In 1996, after getting her undergraduate degree in social anthropology from UCLA, Giada took her family traditions to culinary school at Le Cordon Bleu in Paris. Two years later she returned to California to work in the kitchens of the Ritz Carlton in Marina del Rey and Wolfgang Puck’s Spago restaurant in Beverly Hills, and then as a caterer, food stylist and private chef—appropriately for her background, her first client was director Ron Howard.

She insists, though, that she never wanted any part of Hollywood, and is, in fact, shy, despite her open, smiling way on TV. “It’s funny—my husband will be like, ‘You’re so loud on set, and then you get into public and you’re just this little mouse.’ I’m actually a very shy person, which is why I always chose to be in the kitchen. You can make people happy and entertain them, without really being there,” she says, laughing. “You can make a very short appearance [in the dining room] and then say, ‘I’ve got something on the stove, gotta go!’ ”

That defense mechanism was tested when, in 2001, Giada and her family were featured in Food & Wine magazine. A Food Network executive called soon after, saying he’d seen the article and wanted Giada to make a demo tape. She turned down the offer immediately. “My whole family is in the movie business,” she says (in addition to Dino, her aunt is also a producer and her late grandmother was an actress in Europe). “If I wanted to be in front of the camera, I had opportunities to do that.” Still, the TV exec pushed until sherelented. Wanting to keep things casual, she had her brother film her “making my mother’s pasta with béchamel sauce. And that’s how Everyday Italian was born.”

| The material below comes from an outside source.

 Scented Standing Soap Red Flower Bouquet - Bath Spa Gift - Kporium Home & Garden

And while that life-changing adventure is over, her relationship with husband Todd, a fashion designer for Anthropologie, is going strong. They met through mutual friends in 1990. She was 19, and he was 27 and a budding womenswear designer. As a result, Giada claims to have helped launch the slip dress trend that dominated the ’90s. “I was looking for slip dresses and couldn’t find any. Betsey Johnson was the only one making

them. I said to Todd, ‘Slip dresses are going to be huge.’ So he started making them and sold them to Anthropologie, and it’s been 12 years now [that he’s been working there].” Thirteen years after they met, the couple finally tied the knot in 2003. Why wait so long? “I never cared about marriage. I was more worried about working and really didn’t think I’d have kids,” she says. “Then Todd turned 40 and I guess he thought to himself, ‘I think I’d like to marry Giada.’ ” (Wisely, he chose the nostalgic route to her heart, proposing in Central Park over her beloved pretzels.) And just as Giada changed her mind about marriage, she also shed her notions on motherhood.

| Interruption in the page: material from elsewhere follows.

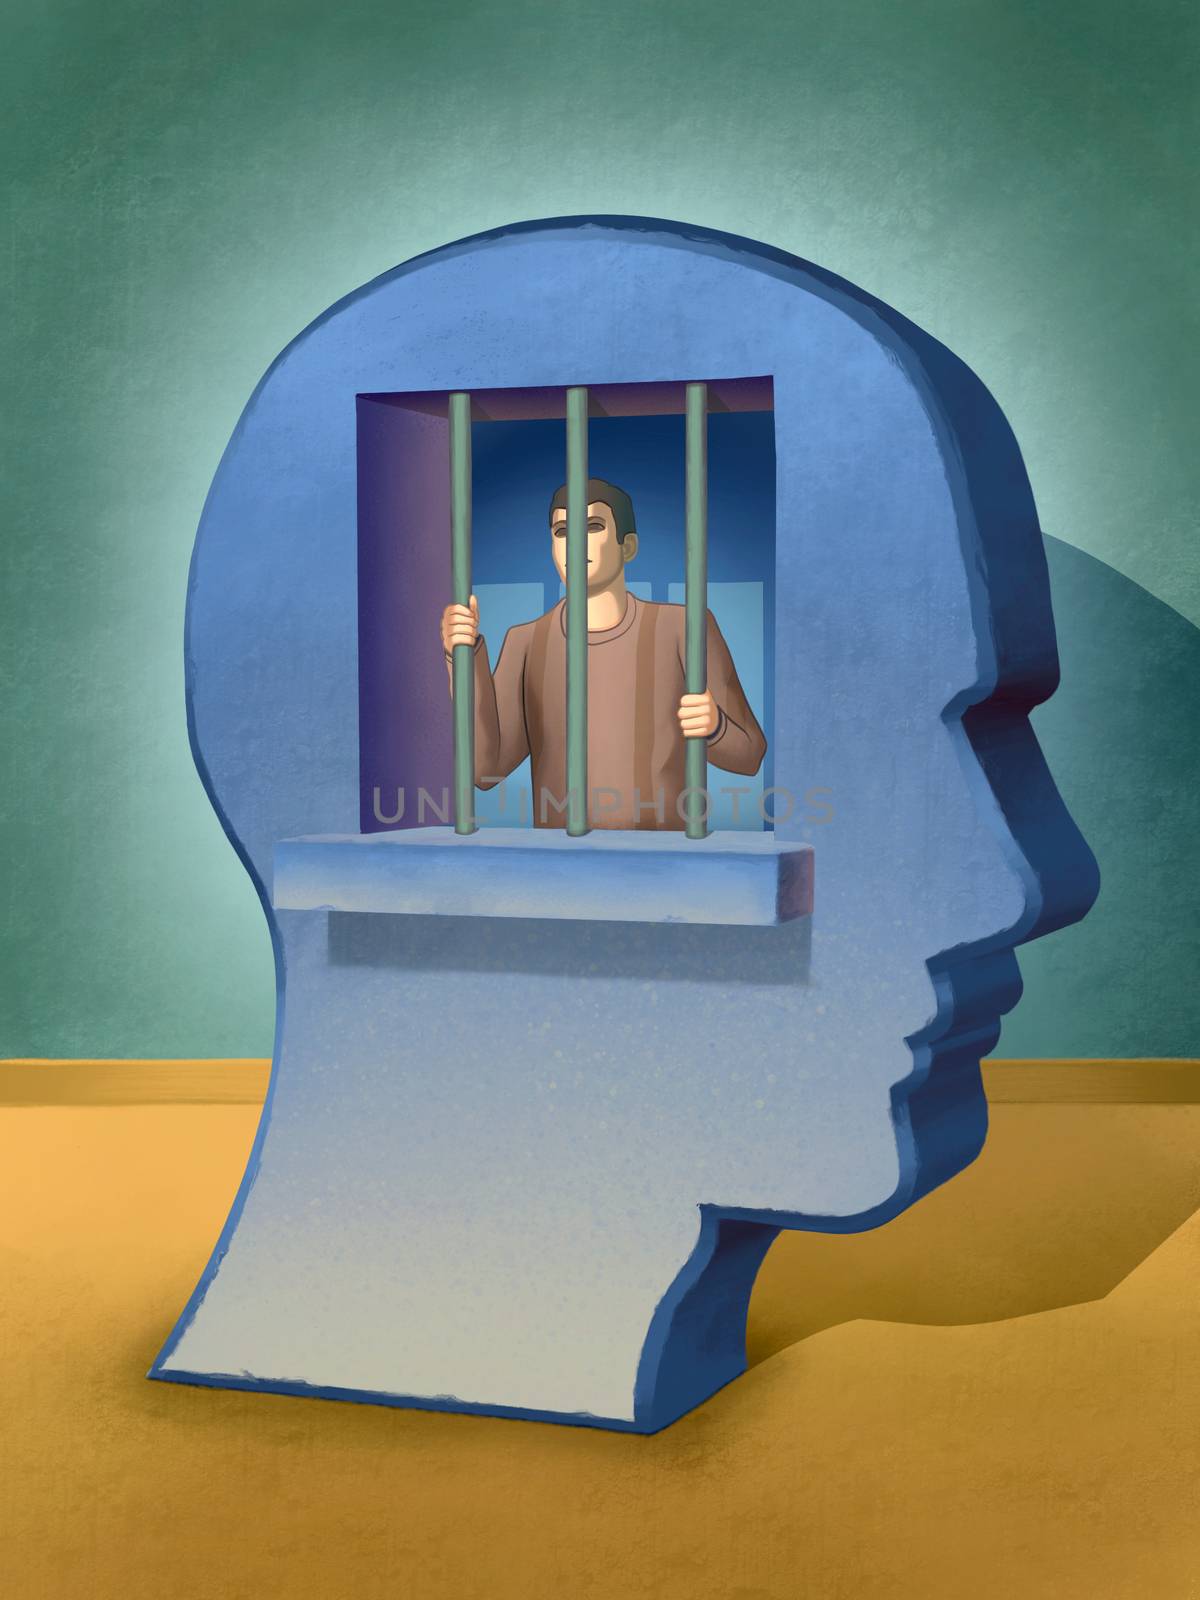 People trapped inside its own mind. Digital illustration.

Hoping to instill an appreciation for her home country in her child (Giada means “jade” in Italian), the chef sings Jade the Italian lullabies her mother crooned to her. And her husband has plans to mix his own family traditions into the pot. Giada rolls her eyes and laughs. “He will always tell the story of how his grandmother would take him to McDonald’s and Burger King. And he says, ‘I can’t wait to take Jade.'”

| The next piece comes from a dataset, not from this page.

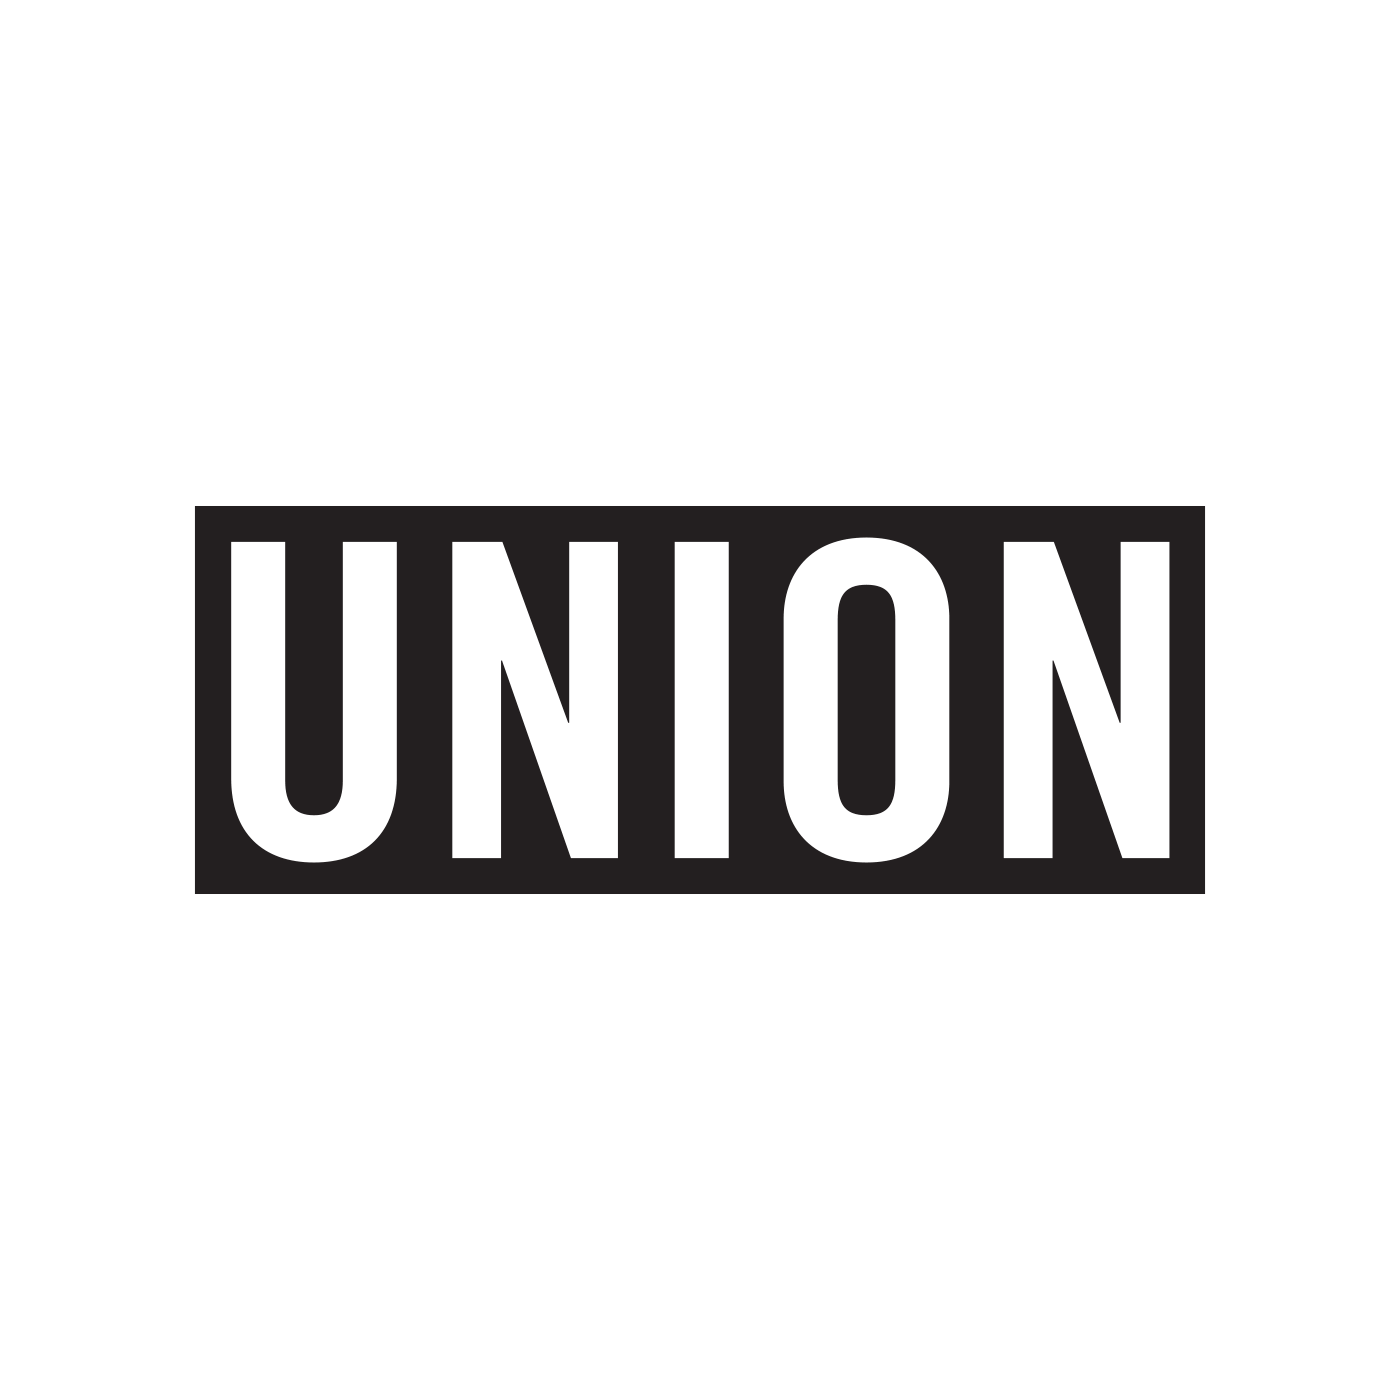 Union Binding Union Box Logo Sticker - Gravitee Boardshop

Even so, Jade seems bound to pick up her mom’s passion for homemade food. Because no matter what people think, Giada’s going to continue to show off the sensual side of it. “I want the food to look beautiful, [for the viewer] to get really close to that beet and see the salt and the herbs that have been chopped into it,” she says. “It is a bit…pornographic.” Still, this Italian has nothing on the Brits. “I remember watching Nigella [Lawson] before I had a show, and she put an asparagus in her mouth, and, I mean, the way she sucked on that asparagus, I thought…who does that?”